A staff person brought a young girl in an old wheelchair to Jerry. She was about 14-years-old, with thin brown hair and dark circles under her eyes. "She has about 4 months to live," the woman told Jerry. "We have no medicines to help her."
"What is her name?" Jerry asked. He bent down to the girl's level.
"Eugenia," the woman said.
Jerry rocked on his heels. Eugenia was his daughter's name. What if his Eugenia was dying and needed medicine? What would he do? What would this Russian Eugenia's dad do for his daughter if he could?
The staff people told Jerry that the drug protocol for Eugenia would run about $18,000 (U.S.). Jerry wasn’t a man of wealth, but he turned to a buddy with him "Ed," he said, "if we can't find someone to donate the money to help this little girl, I'll sell my car, if you sell your truck, okay?"
But selling a car and a truck would only take them so far. There were lots of kids who needed help.
So Jerry returned to the U. S. and got on the phone. Within two weeks, a prominent children's clinic had given him tens of thousands of dollar's worth of drugs packed in cooler boxes with dry ice, and Jerry was on a plane back to Moscow.
Jerry and his friends raised millions of dollars, and the clinic became world-class. Furthermore, they teach nurses and doctors who travel all over the Russian Federation.

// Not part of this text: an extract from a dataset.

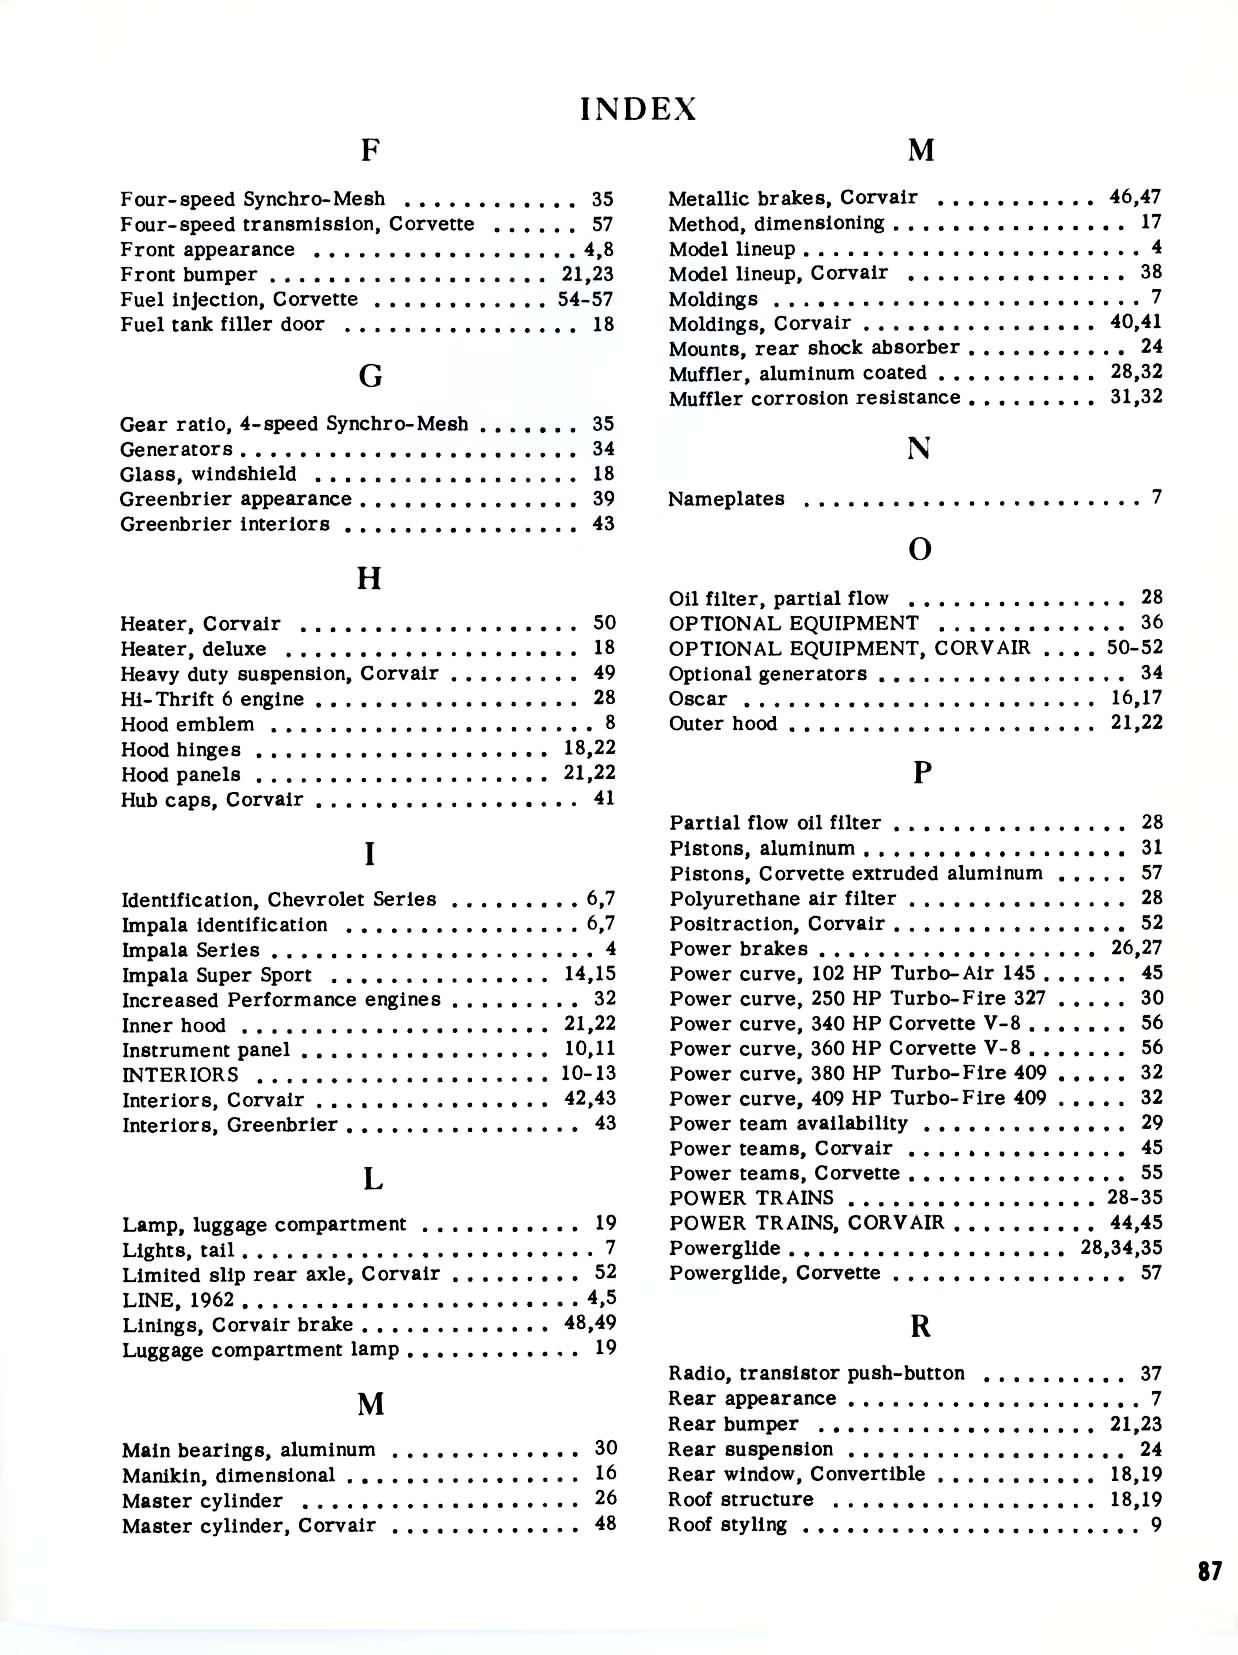 1962_Chevrolet_Engineering_Features-87

Eugenia's cancer went into remission. Vaughn tells what happens when Jerry and the others got back to Moscow with the first planeload of medicine: "When he and his buddies walked into the hospital in the night, Eugenia's mother saw them coming. She ran down the dim corridor, her face incredulous, and burst into tears crying out: 'You are Jesus, are you not?'
We get to be the face of God to someone else - when we love them.
The thing is - this is a great story, but we don’t even need examples like this.
ILLUSTRATION: Megan praying for girl
A couple of weeks ago in this church - I had a chat with Megan, one of our worship leaders. Who told me that in this service, she really felt prompted to pray for a girl next to her, but she didn’t know her at all so she was scared. But she knew she had to - so she asked the girl to pray; and as she prayed for this girl, the girl began to tear up and cry.
ILLUSTRATION: Praying for AJ
God gave me Psalm 139:13-14. Broke down - word for him.
Even in the simplest of actions we can reveal the love of God.
That’s what Heart for the City is about - capturing God’s heart for people that make up this city.
It’s intentional - let’s seek opportunities to love others, intentionally.
Let’s get involved in Beloved and love these kids who need to see the love of God
Let’s make time to love the people of this church - newcomer and OG
If there’s ONLY one thing that people experience when they walk into this church, let it be the love of God (not fun, excitement, impressiveness, awe) just love.
The Father gave up His Beloved for you so that you may know that YOU are Beloved
Make the decision today to be a conduit for His love to those around you.